Default Stream per Thread - Driver API

Hi,
I was looking into using –default-stream per-thread or equivalent #define CUDA_API_PER_THREAD_DEFAULT_STREAM for driver API calls (specifically FFMpeg cuvid decoder).
But couldn’t find any documentation about it.

The program loads the DLL dynamically - there is no call to nvcc in which I can add --default-stream per-thread and adding CUDA_API_PER_THREAD_DEFAULT_STREAM will not affect the loaded DLL functions.

Looking into cuda.h I’ve seen the following macro being used when CUDA_API_PER_THREAD_DEFAULT_STREAM is defined:

#if defined(__CUDA_API_VERSION_INTERNAL) || defined(CUDA_API_PER_THREAD_DEFAULT_STREAM)
    #define __CUDA_API_PER_THREAD_DEFAULT_STREAM
    #define __CUDA_API_PTDS(api) api ## _ptds
    #define __CUDA_API_PTSZ(api) api ## _ptsz

And used in some of the APIs as follows:

#define cuMemcpyHtoD                        __CUDA_API_PTDS(cuMemcpyHtoD_v2)
...
#define cuMemcpy2D                          __CUDA_API_PTDS(cuMemcpy2D_v2)
...
#define cuStreamSynchronize                 __CUDA_API_PTSZ(cuStreamSynchronize)
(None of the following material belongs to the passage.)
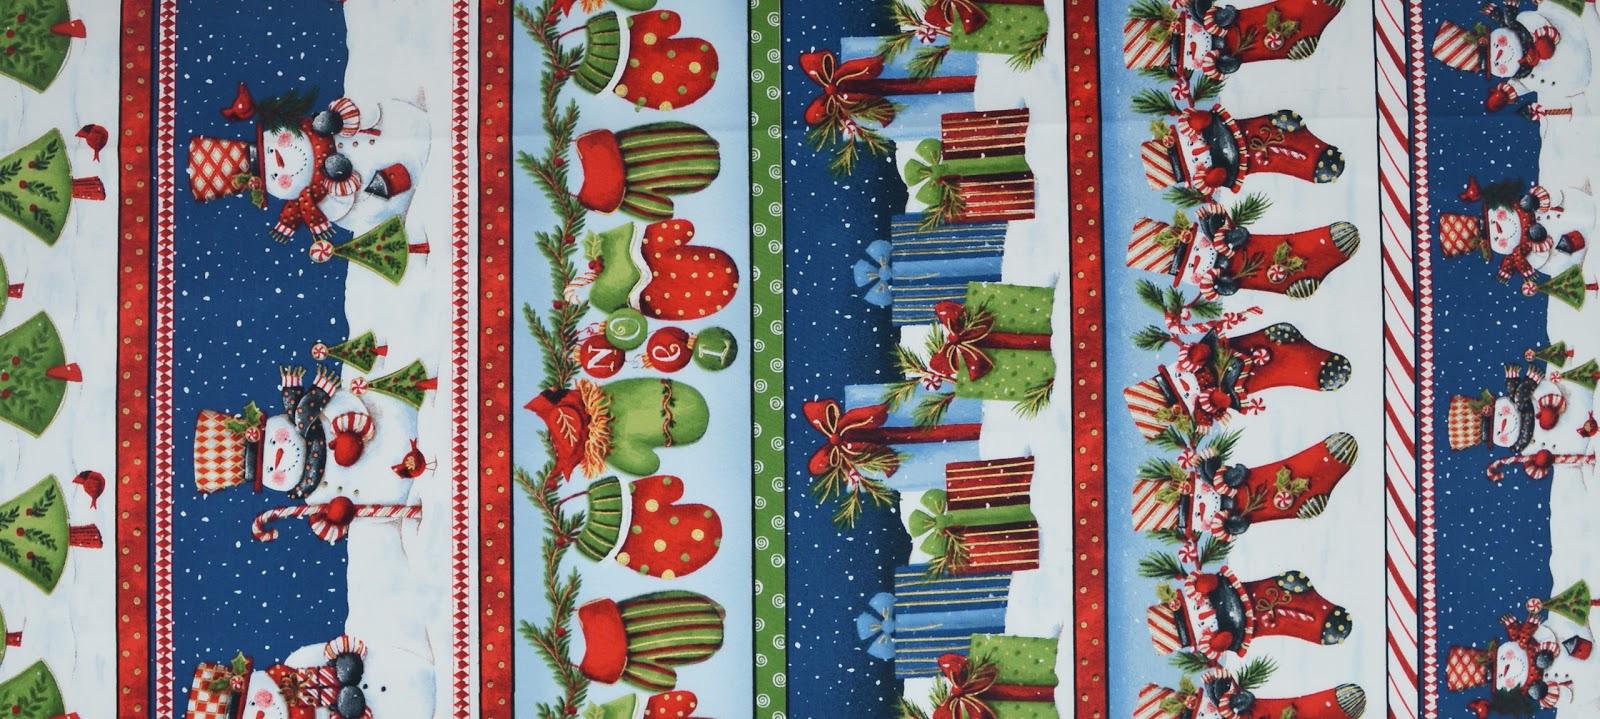 Картинки, фоны для декупажа и упаковки новогодних подарков (1)

Does it mean that by dynamic loading the ptds / ptsz versions of the APIs used in FFMpeg I would be able to achieve “default stream per thread” behaviour?

As indicated here:

One possible approach is to explicitly access the per-thread default stream.

In the CUDA runtime API, that stream has a particular handle:

cudaStreamPerThread

In the CUDA driver API, that handle is:

CU_STREAM_PER_THREAD

[url]CUDA Driver API :: CUDA Toolkit Documentation

Thanks!
I don’t know how I missed it :)